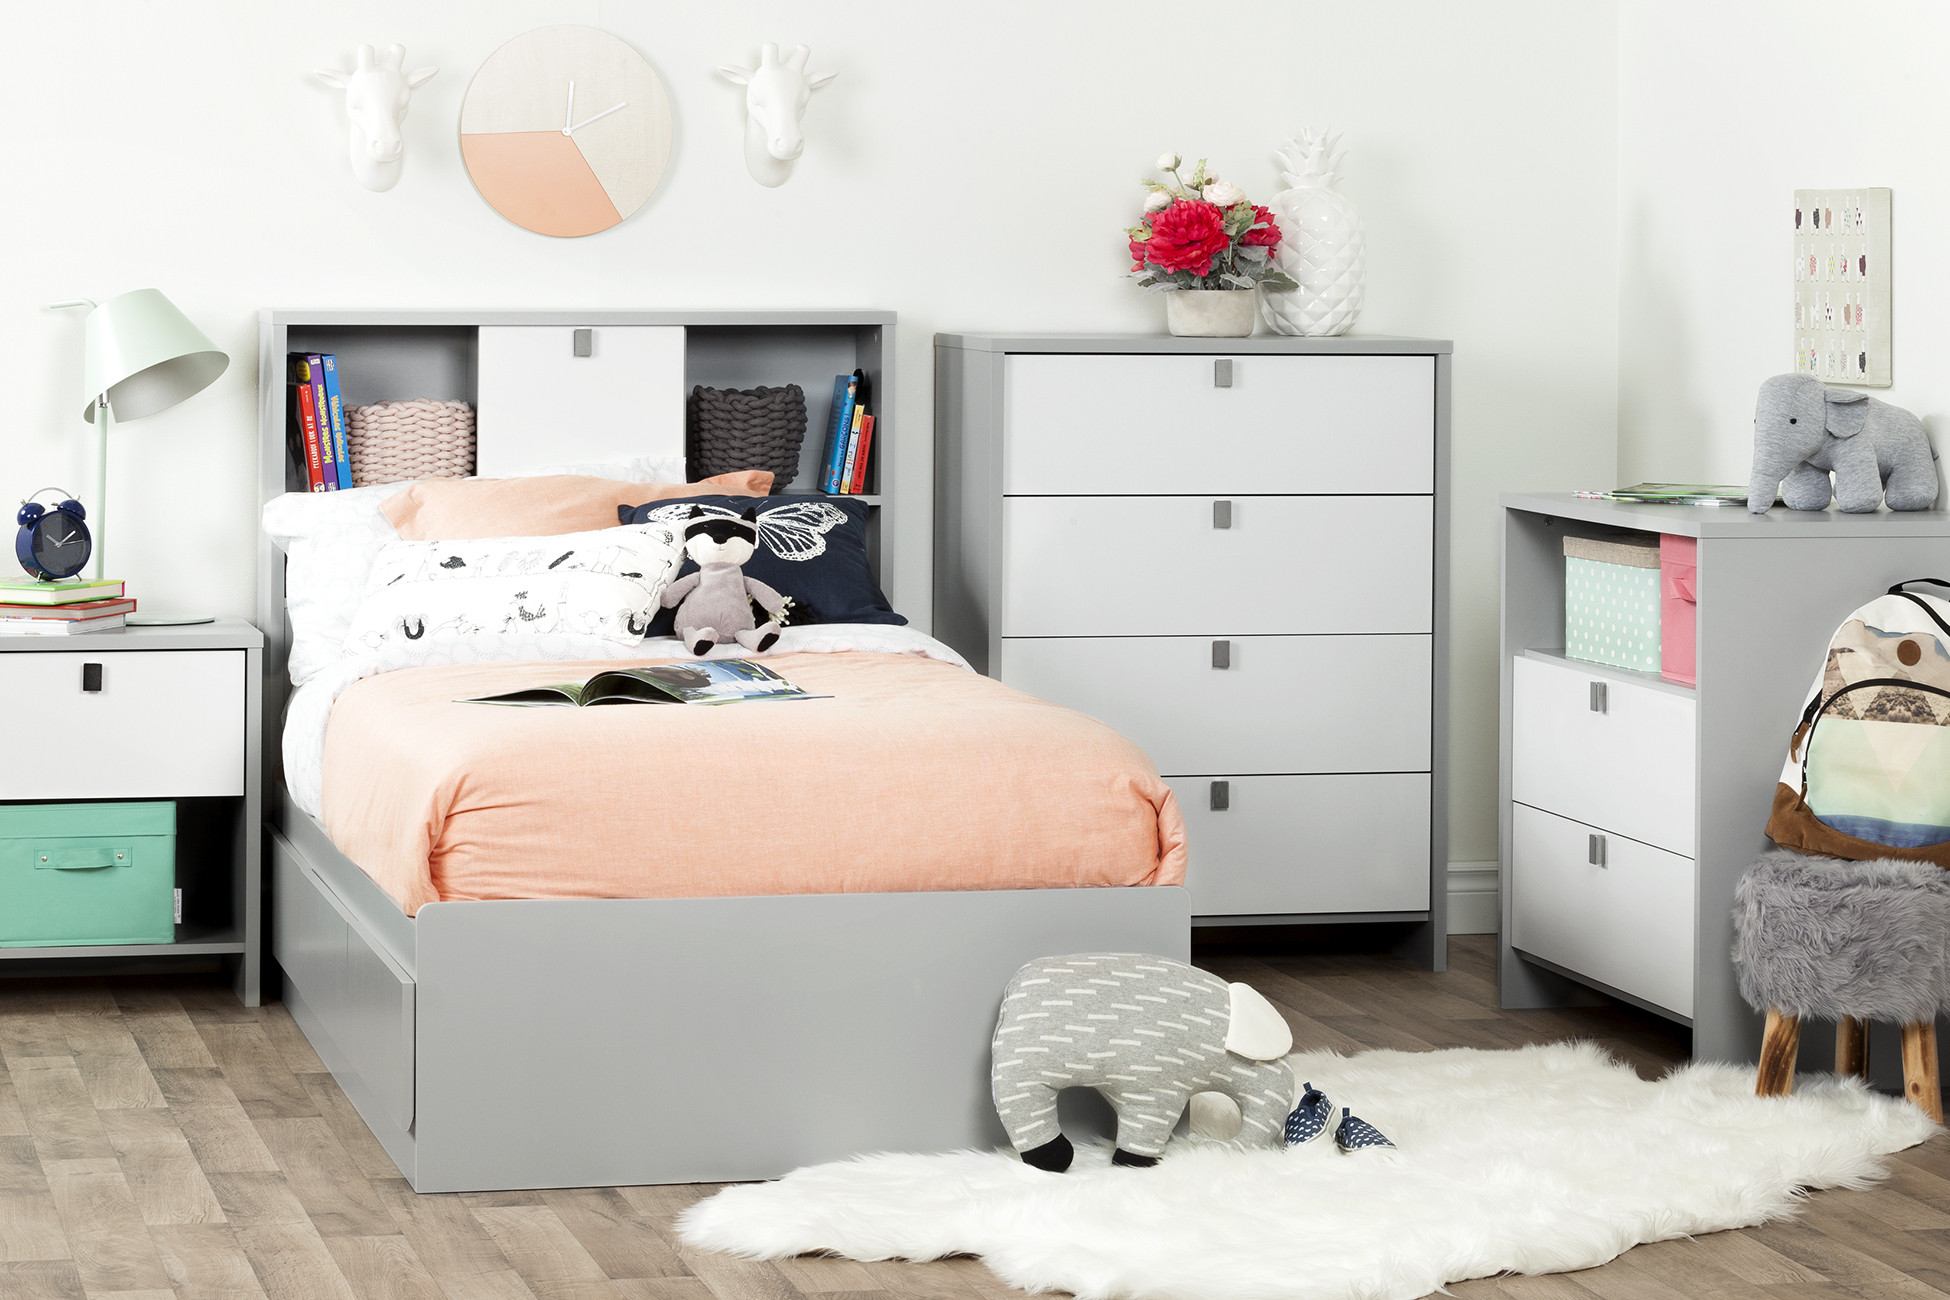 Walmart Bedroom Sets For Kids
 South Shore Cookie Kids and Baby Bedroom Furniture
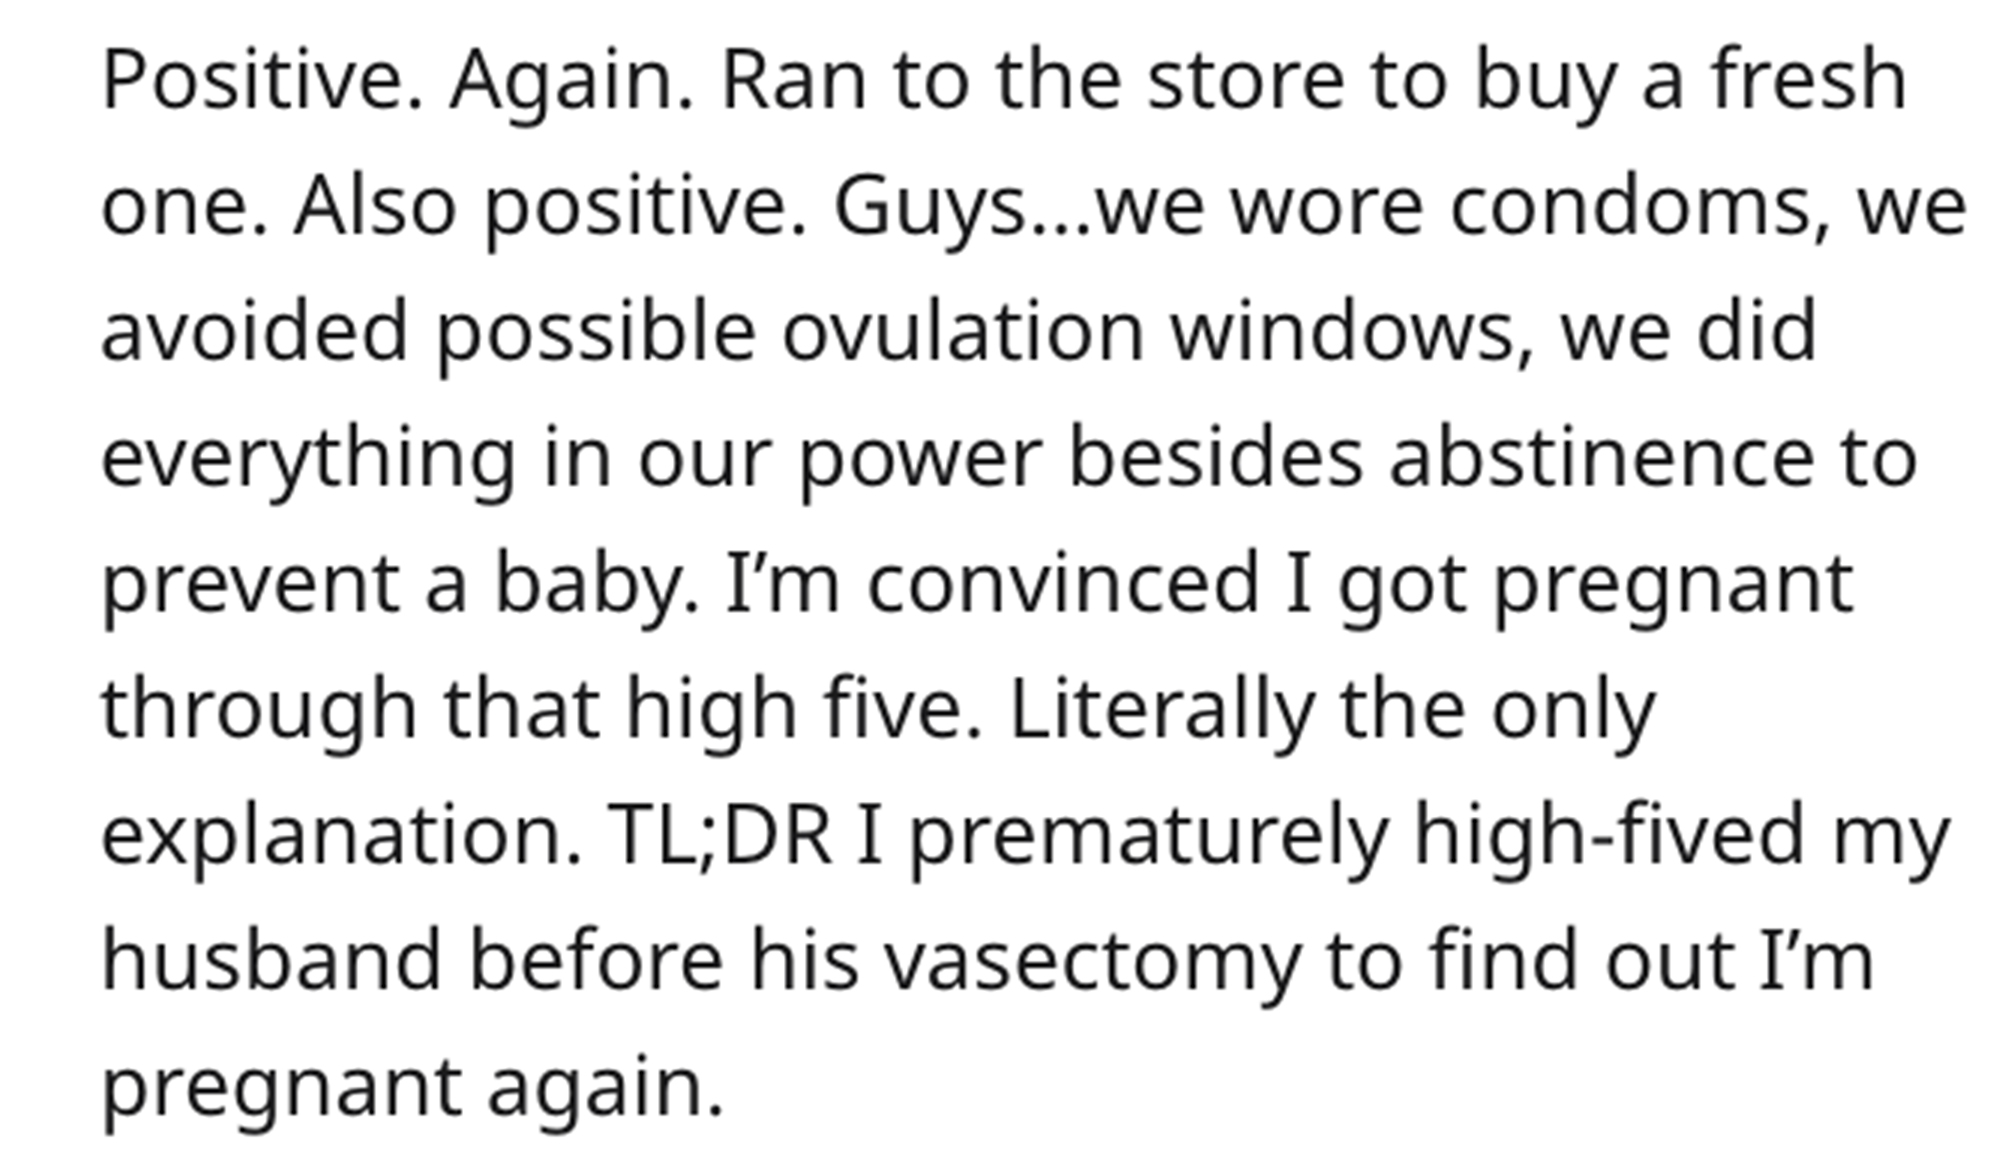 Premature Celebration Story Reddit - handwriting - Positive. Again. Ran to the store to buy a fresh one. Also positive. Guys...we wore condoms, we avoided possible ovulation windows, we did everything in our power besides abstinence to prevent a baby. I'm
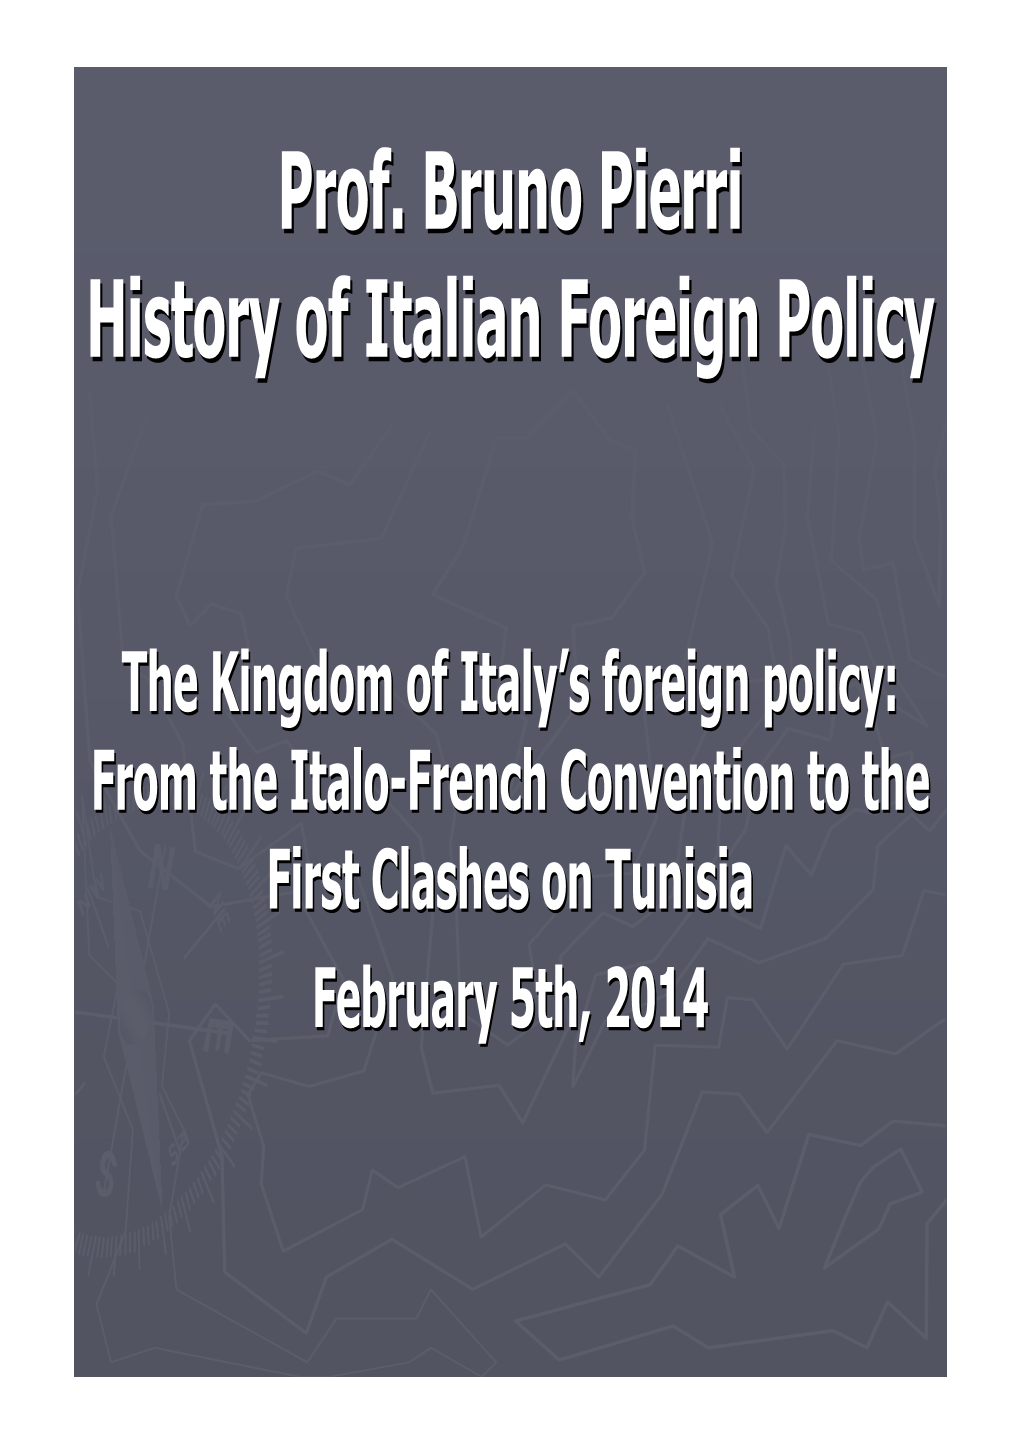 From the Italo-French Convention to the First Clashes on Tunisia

——————————

> **WHAT IS REQUIRED**: Set the listing down exactly, without its pictures.

> **SOLUTION TO THIS EXERCISE**:
 Walmart Bedroom Sets For Kids
 South Shore Cookie Kids and Baby Bedroom Furniture
 Premature Celebration Story Reddit - handwriting - Positive. Again. Ran to the store to buy a fresh one. Also positive. Guys...we wore condoms, we avoided possible ovulation windows, we did everything in our power besides abstinence to prevent a baby. I'm
 From the Italo-French Convention to the First Clashes on Tunisia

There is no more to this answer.